WASHINGTON (PNN) - July 16, 2012 - Already struggling to cut budgets and pay for services like health care and education, nearly half the 50 states owe the federal government billions of dollars in outstanding loans.
Over the past three years, states have exhausted their unemployment insurance trust funds as they paid out benefits to the large number of unemployed Amerikans, who can get up to 99 weeks of unemployment benefits in some states.
Unemployment insurance is jointly run by the federal government and the states, and employers and employees pay taxes to both federal and state governments. The program is administered by the states while the federal government reimburses the states for administrative expenses. When unemployment is high, benefits are extended, and states unable to pay benefits out of their reserves may borrow from the federal government to do so.

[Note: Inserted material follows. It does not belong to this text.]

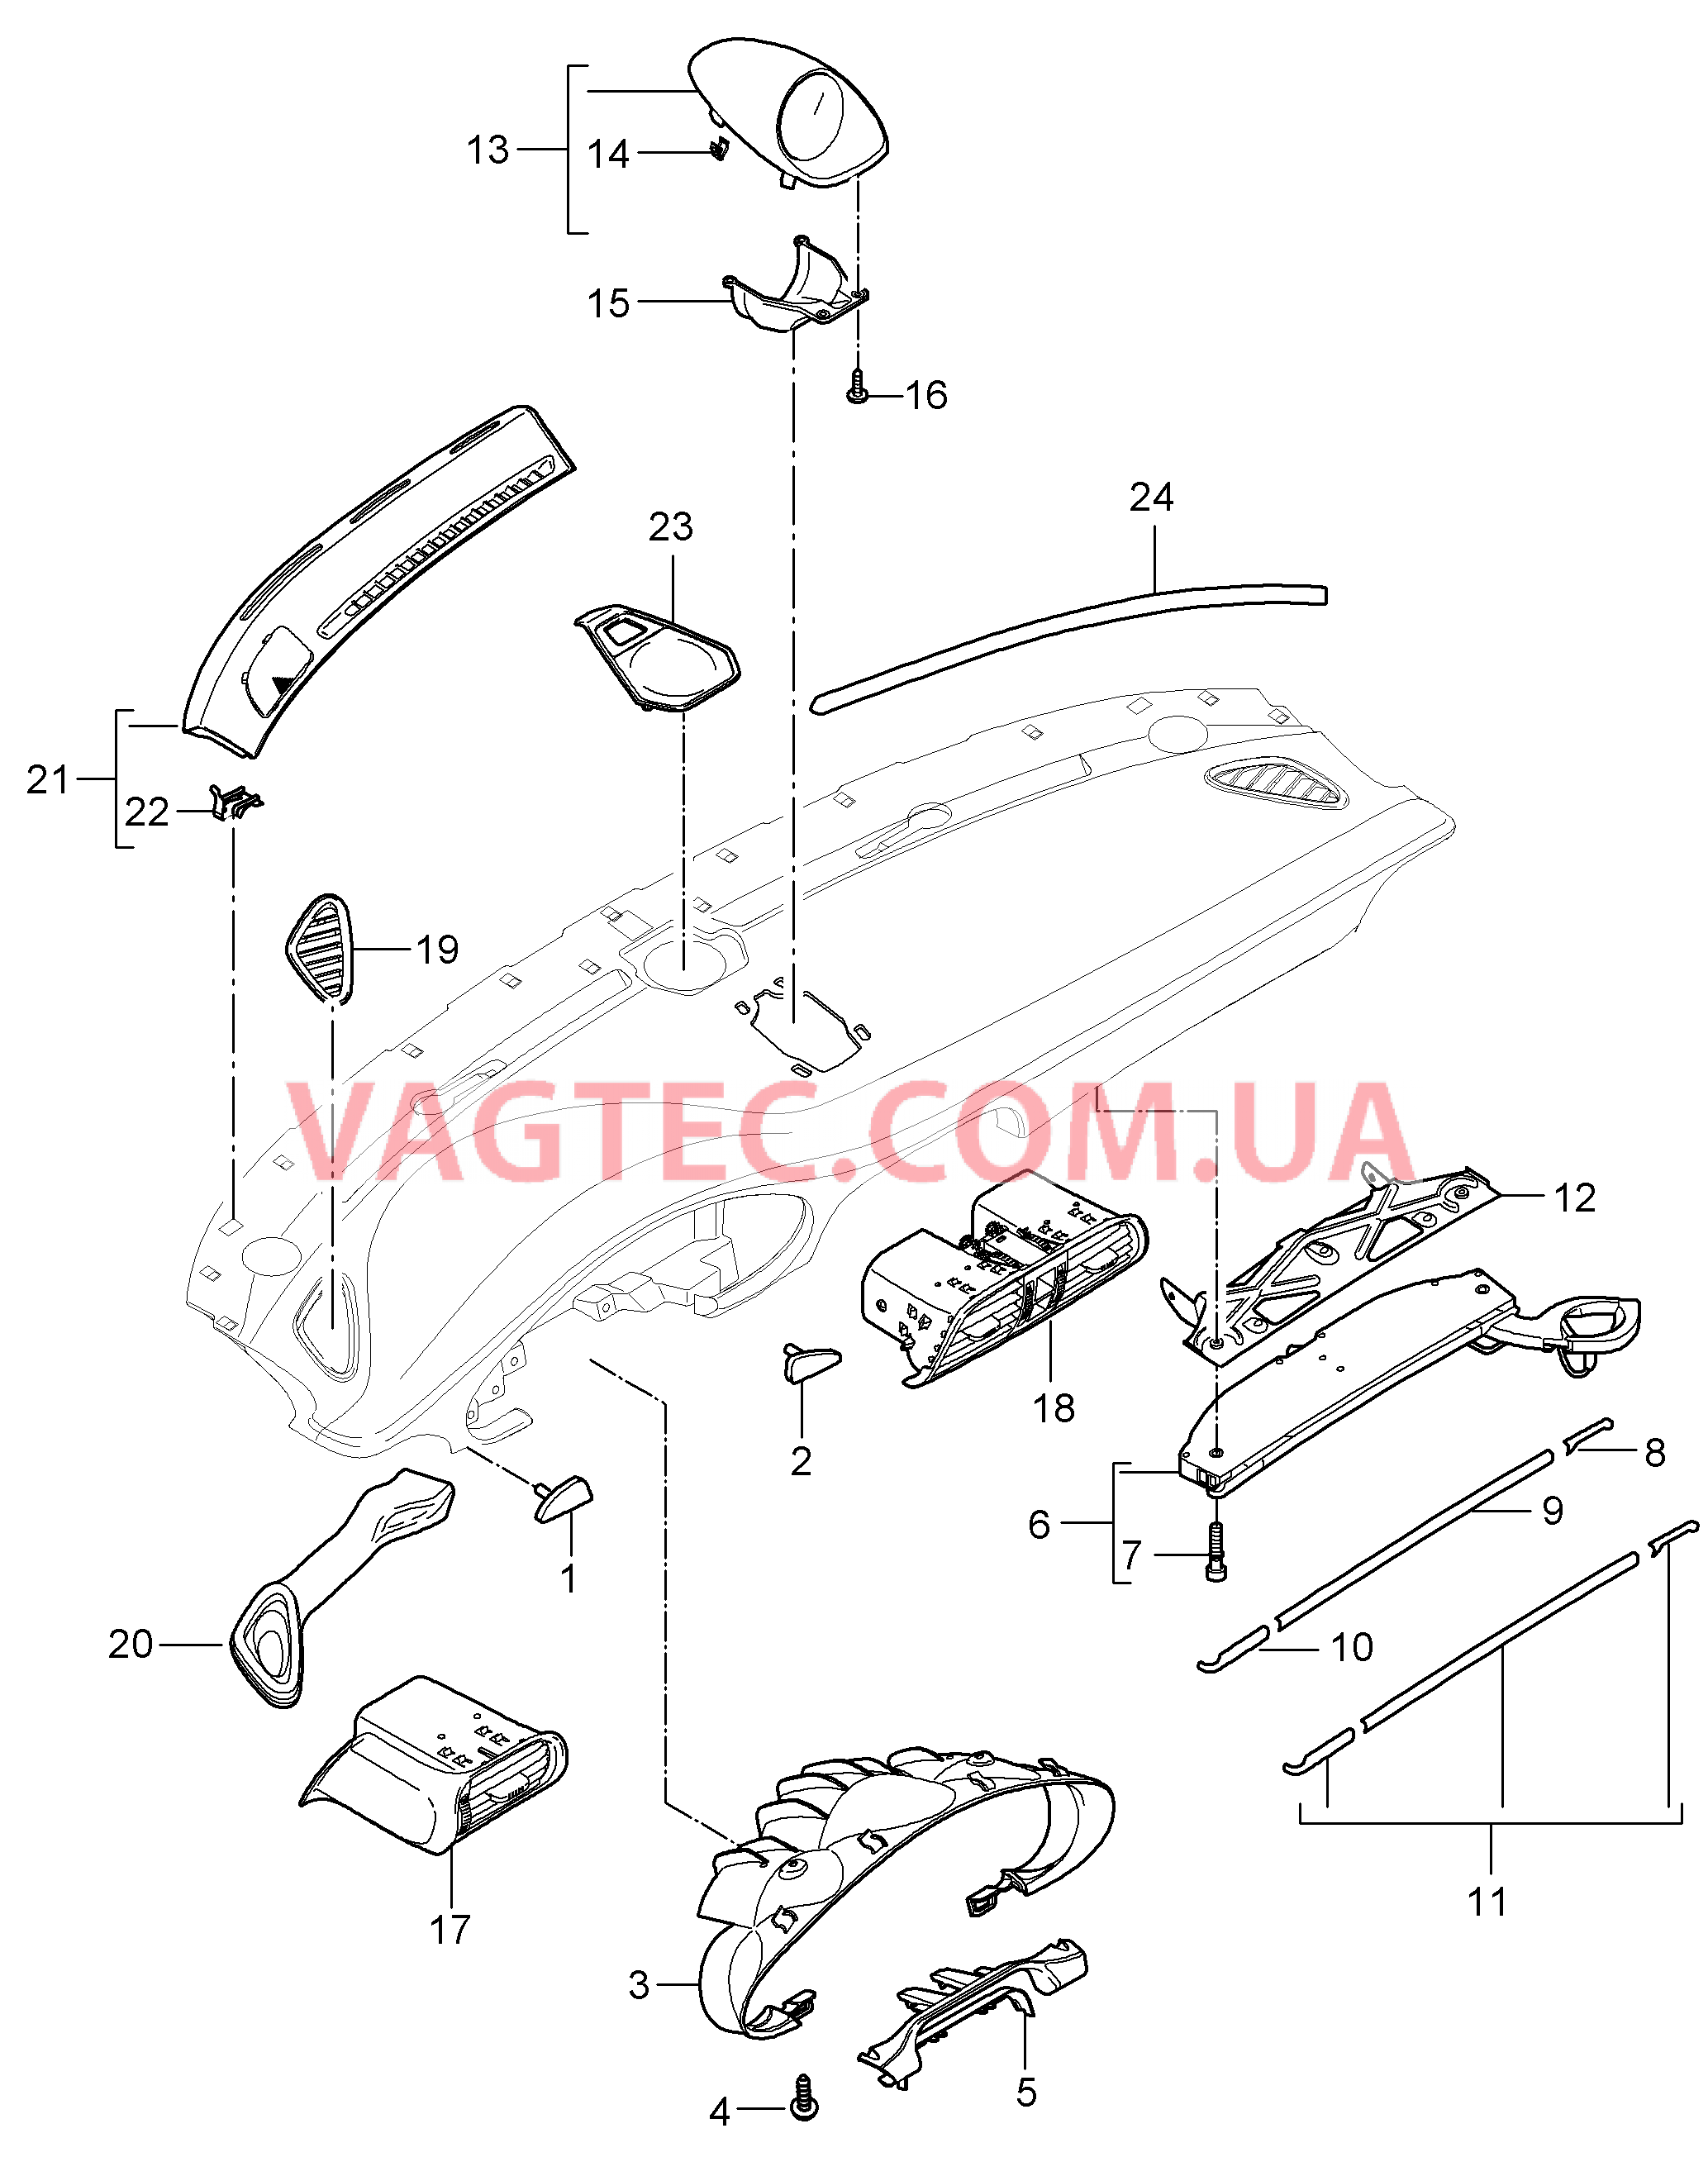 809-001 Детали, Облицовка передней панели, Верхняя часть для PORSCHE 911.Carrera 2005-2008

States aren’t expected to pay back these loans for several years, but businesses and employees in many states now face increases in their federal unemployment insurance tax rates because of them.
However, the federal credit disappears the longer a state’s unemployment insurance program remains insolvent. The 90% credit is reduced by 0.3 percentage points each year of insolvency.
When the Depression began in 2008, only 17 states, District of Columbia, and Puerto Rico had sufficient funds for one year of “high-cost” benefits, while 20 states couldn’t even afford half a year of benefits.
According to the Department of Labor, more than $30.2 billion in outstanding loans from the Federal Unemployment Account (FUA) exist as of July 11, 2012. The FUA is a loan fund for state unemployment programs to ensure unemployment benefits can continue during an economic downturn.